The Position of the Postverbal Subject and Agreement Asymmetries in Arabic
Some data from Tunisian Arabic (TA), illustrating agreement asymmetries, suggest that, contra current claims, the [Spec, VP] location of the subject in Standard Arabic (SA) VSO order may still be considered as a possible location for postverbal subjects: in fact, the only case where Tunisian Arabic displays partial agreement, seems to be when the subject is clearly located in [Spec, VP] as in Expletive-Argument constructions. This may indicate that the postverbal subject in SA, which is associated with partial agreement, is indeed positioned in [Spec, VP] and that this may be the factor determining agreement asymmetries. Consequently, it is argued that a syntactic analysis of agreement asymmetries exploiting the distinction between [Spec, VP] and [Spec, IP] may still be a valid one.

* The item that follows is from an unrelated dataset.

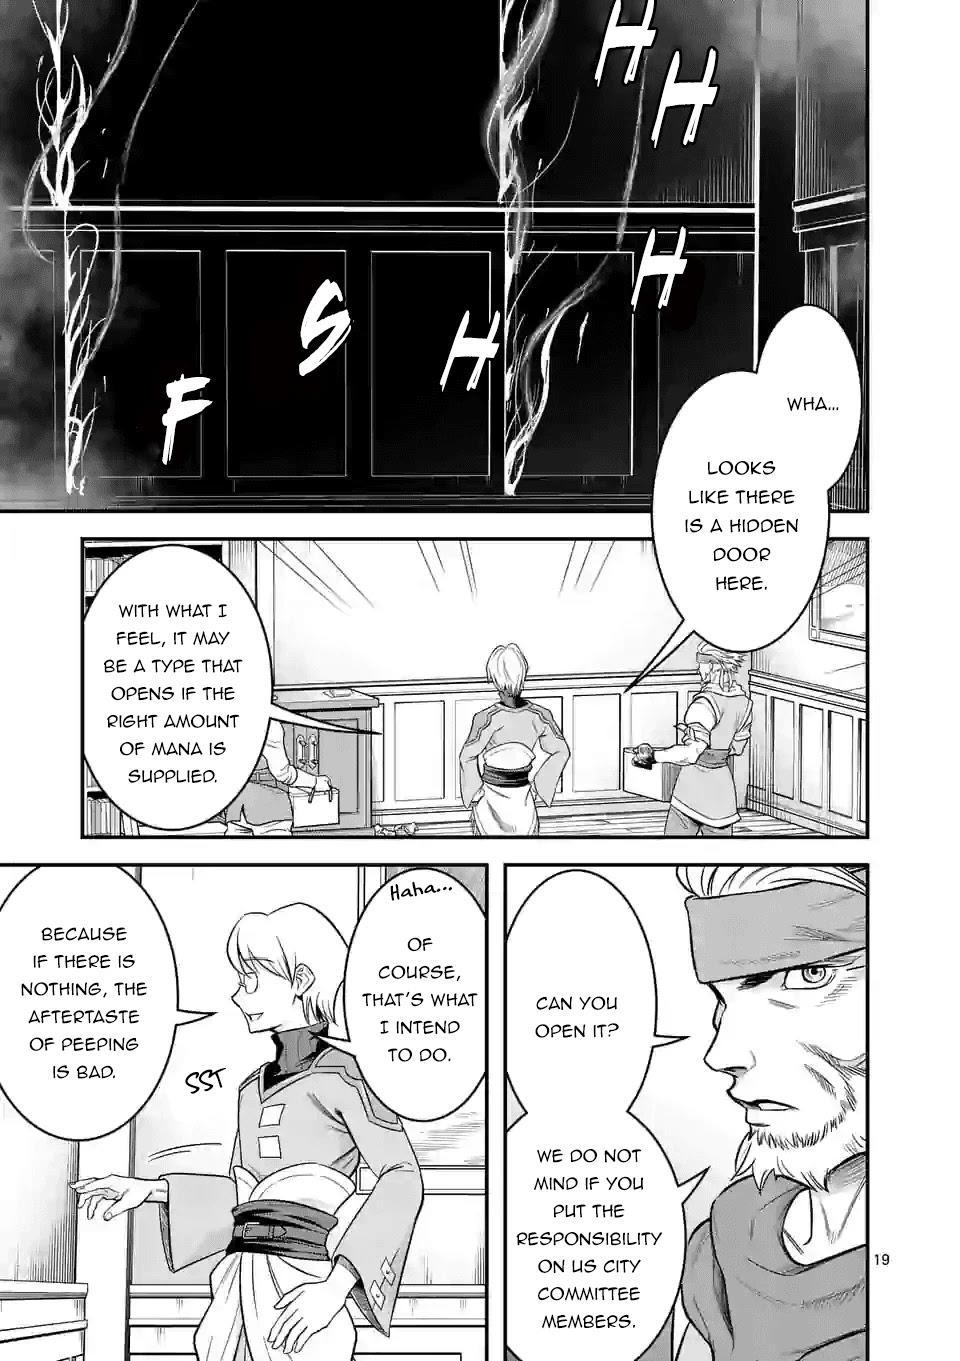 100-Nin No Eiyuu O Sodateta Saikyou Yogensha Wa, Boukensha Ni Natte Mo Sekaijuu No Deshi Kara Shitawarete Masu Chapter 27 page 20 - Mangakakalots.com

Concentrating on the position of the subject NP in the clause structure, most work on Standard Arabic (SA) up to the early 1990's, has assumed, whether explicitly or implicitly, and as a result of the VP-Internal Subject Hypothesis, that the difference between SVO order and VSO order is to do with the position of the subject: in VSO, it is located in [Spec, VP], in SVO, in [Spec, IP].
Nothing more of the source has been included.